Schweden: Lehrbücher statt Displays
Die schwedische Regierung hat Nägel mit Köpfen gemacht. Seit dem 1. Juli 2024 gilt ein neues Gesetz, das allen Schülern den Zugang zu gedruckten Lehrbüchern garantiert. Dafür wurden über 100 Millionen Euro bereitgestellt. Ziel: Grundlegende Lese- und Schreibkompetenzen sollen wieder gestärkt werden.
Noch wichtiger: In den Vorschulen wurden digitale Geräte stark zurückgedrängt. Kinder unter zwei Jahren sollen gar nicht mehr am Tablet lernen, ältere Vorschüler nur noch sehr eingeschränkt. Ab Sommer 2025 ist das verpflichtend.
Eine wichtige Rolle spielte dabei das Karolinska-Institut. Dessen Befund von 2023: Wer Texte auf Bildschirmen liest, hat im Schnitt zwei Schuljahre Rückstand gegenüber jenen, die mit Papier arbeiten. Diese Zahl machte Schlagzeilen – und wurde zur Grundlage der Reform.
Dazu läuft in Schweden bereits eine Kommission für ein generelles Handyverbot im Unterricht. Der Hintergrund: Laut OECD ist die Ablenkung durch digitale Geräte bei schwedischen Schülern deutlich höher als im europäischen Durchschnitt.
Dänemark: Entschuldigung für das „digitale Experiment“
Während Schweden vor allem über Lesefähigkeiten argumentiert, wählte Dänemarks Bildungsminister Mattias Tesfaye noch deutlichere Worte. Er entschuldigte sich öffentlich dafür, Schüler zu „Versuchskaninchen in einem digitalen Experiment“ gemacht zu haben.
Konsequenz: Ab 2025 sollen Mobiltelefone in Schulen und Nachmittagsbetreuung verboten werden. Eine Regierungskommission hatte empfohlen, Kindern unter 13 Jahren generell kein Smartphone oder Tablet zu geben. Die Zahlen sind alarmierend: 94 % der dänischen Jugendlichen sind schon vor 13 in sozialen Netzwerken unterwegs, viele verbringen täglich mehrere Stunden auf TikTok oder YouTube.
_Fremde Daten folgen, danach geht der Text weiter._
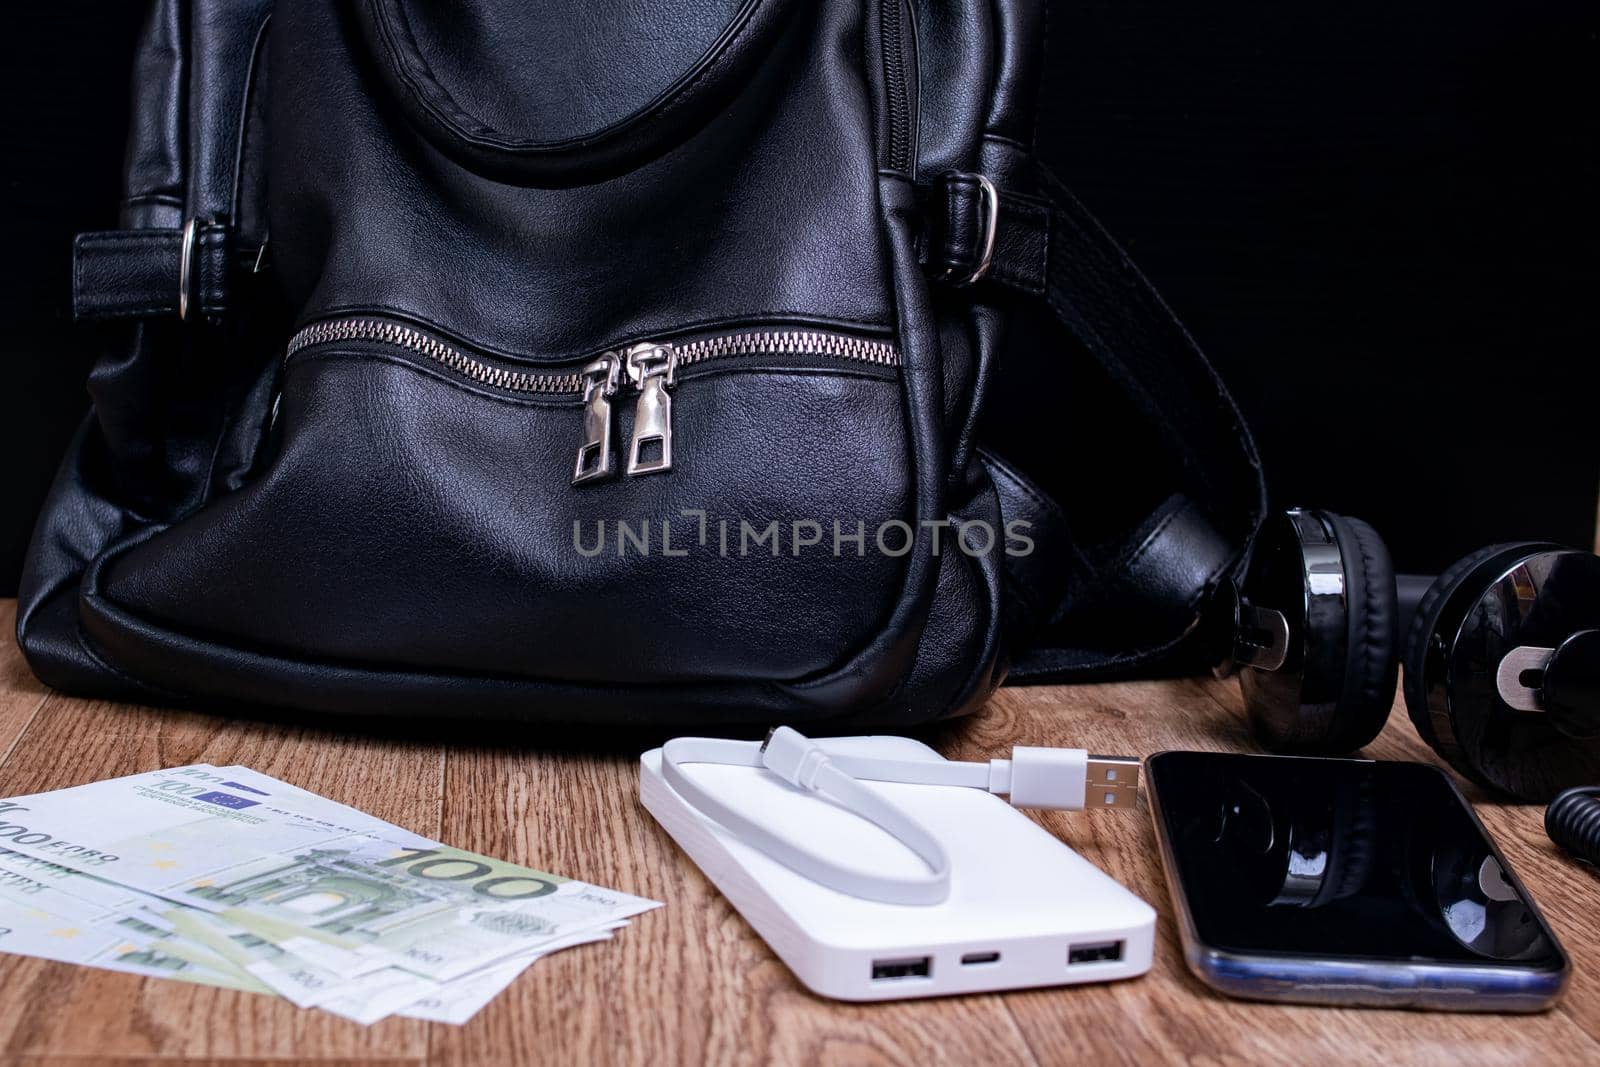 Mobile phone, power bank, bag, money and headphones on a wooden table

Hier geht es also nicht nur um Schule, sondern um den Jugendalltag insgesamt – und die Sorge, dass Bildschirmzeit soziale Kompetenzen und Konzentration zerstört.
Kritik und offene Fragen
Natürlich ist die Debatte damit nicht vorbei. Medienwissenschaftlerinnen wie Ingrid Forsler warnen, die Politik betreibe Populismus. „Das Problem sind nicht die Geräte selbst, sondern die Art, wie sie eingesetzt werden.“ Auch die schwedische Pädagogin Inger Enkvist betont, dass falsche Unterrichtskonzepte – etwa zu frühes, selbstgesteuertes Lernen über das Internet – Kinder überfordern.
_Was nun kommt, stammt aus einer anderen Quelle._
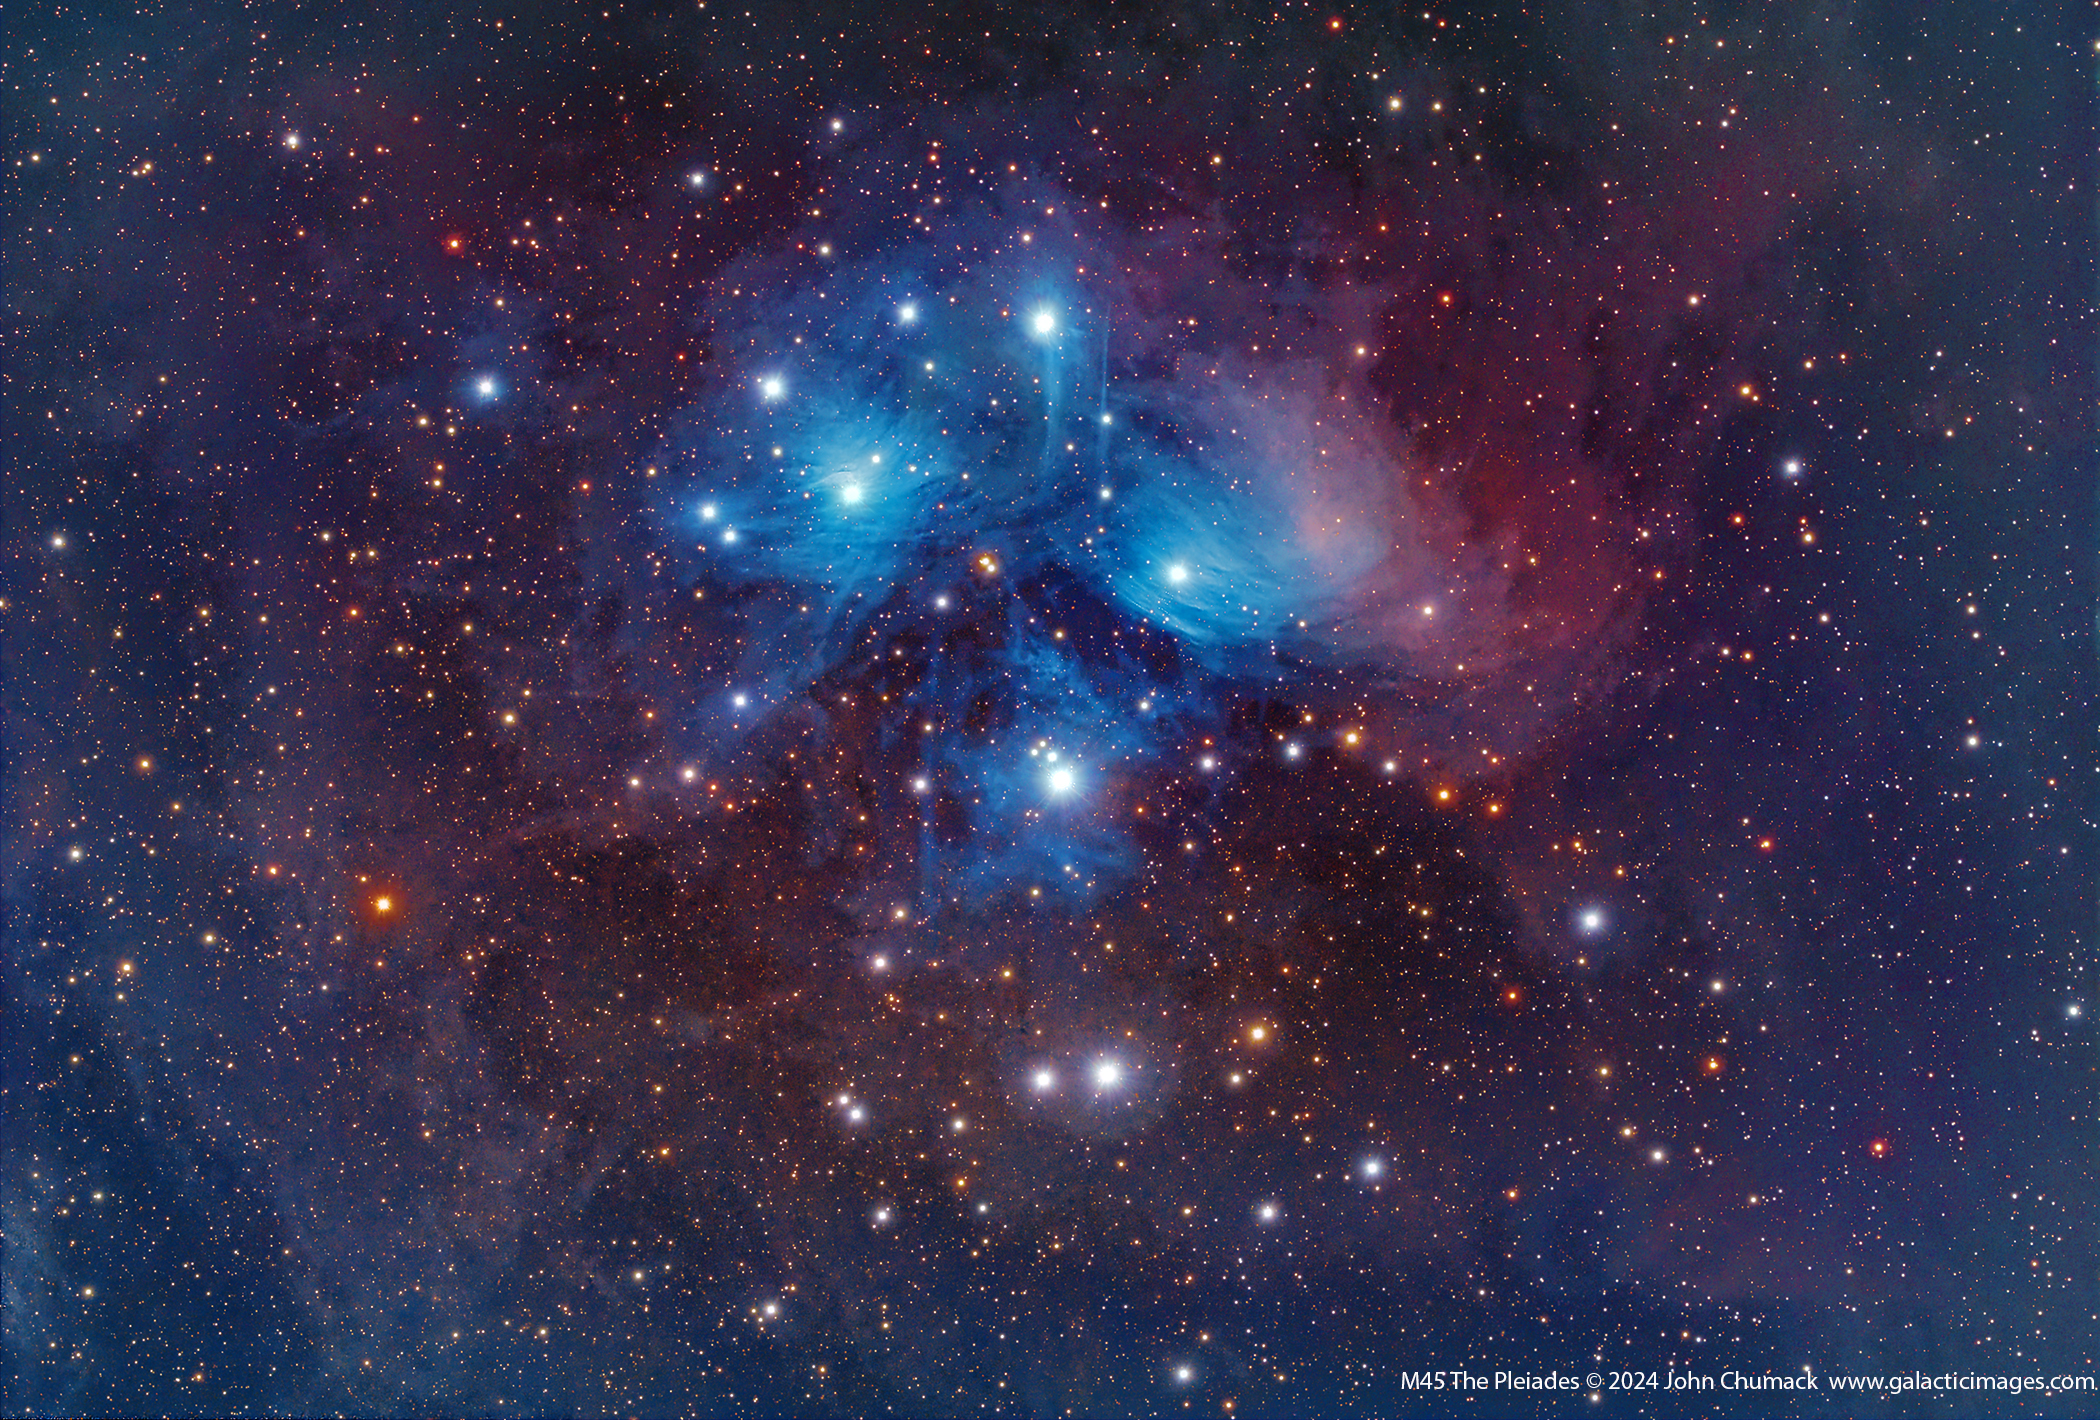 M45 The Pleiades Star Cluster - Seven SIsters

Für Eltern, Lehrer und Schüler heißt das: Die Fronten bleiben verhärtet. Zwischen den Lagern „Digital Detox“ und „digitale Zukunft“ gibt es wenig Konsens.
Was bedeutet das für uns?
Auch in Deutschland schaut man genau hin. Die Nationale Akademie der Wissenschaften Leopoldina empfahl kürzlich ein Social-Media-Verbot unter 13 und Smartphoneverbote bis zur 10. Klasse. Eine YouGov-Umfrage ergab: Mehr als 90 % der Deutschen wünschen sich Einschränkungen der privaten Smartphone-Nutzung in Schulen.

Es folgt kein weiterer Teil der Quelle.